Containers package software and its dependencies so it runs consistently. In CRE terms, containers resemble packaged equipment skids: standardized, convenient, and quick to deploy, but still risky if shipped with unnecessary components, outdated parts, or excessive privileges. Container security focuses on minimizing what is included, scanning for known vulnerabilities, and limiting what the “package” can access if it is compromised.

Defensive Engineering

Rate Limiting

Rate limiting controls how many requests a user or device can make in a time window. A CRE analogy is limiting repeated badge attempts at a door or throttling repeated calls to a help desk line to prevent disruption. It reduces brute-force login attempts, credential stuffing, and automated abuse.

Logging and Monitoring

Logging and monitoring capture what happened and alert teams to unusual behavior.

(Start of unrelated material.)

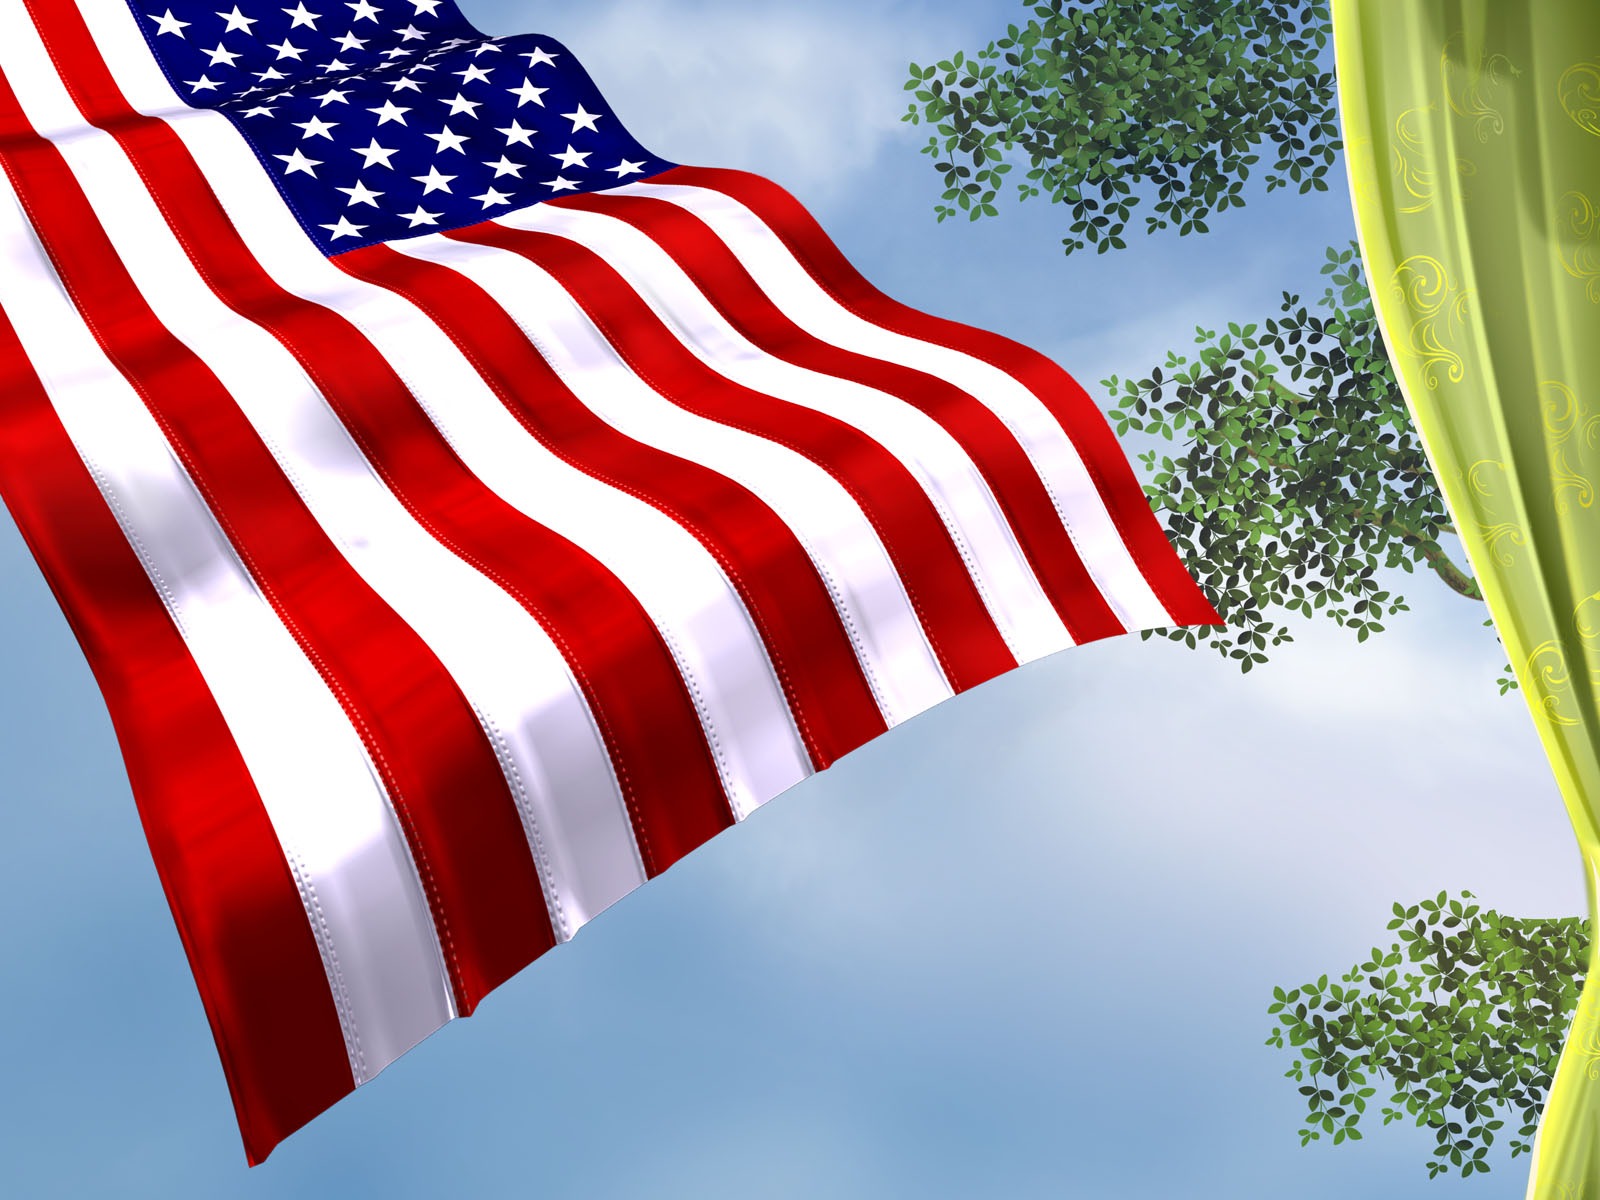 U.S. Independence Day theme wallpaper #33 - 1600x1200

In CRE terms, it is the combination of security camera footage, access control event logs, BAS trend logs, and alarm management. Strong monitoring looks for patterns, not just single events: a spike in failed logins, unusual remote access times, or a system suddenly making new connections.

Call to Action

This vocabulary is most useful when it becomes shared language. CRE leaders can circulate it to property, FM, IT, and vendor management teams so discussions about cyber risk become clearer, faster, and more consistent. The goal is not perfection. The goal is earlier detection of hidden exposures and smarter coordination with cybersecurity specialists before small gaps become expensive incidents.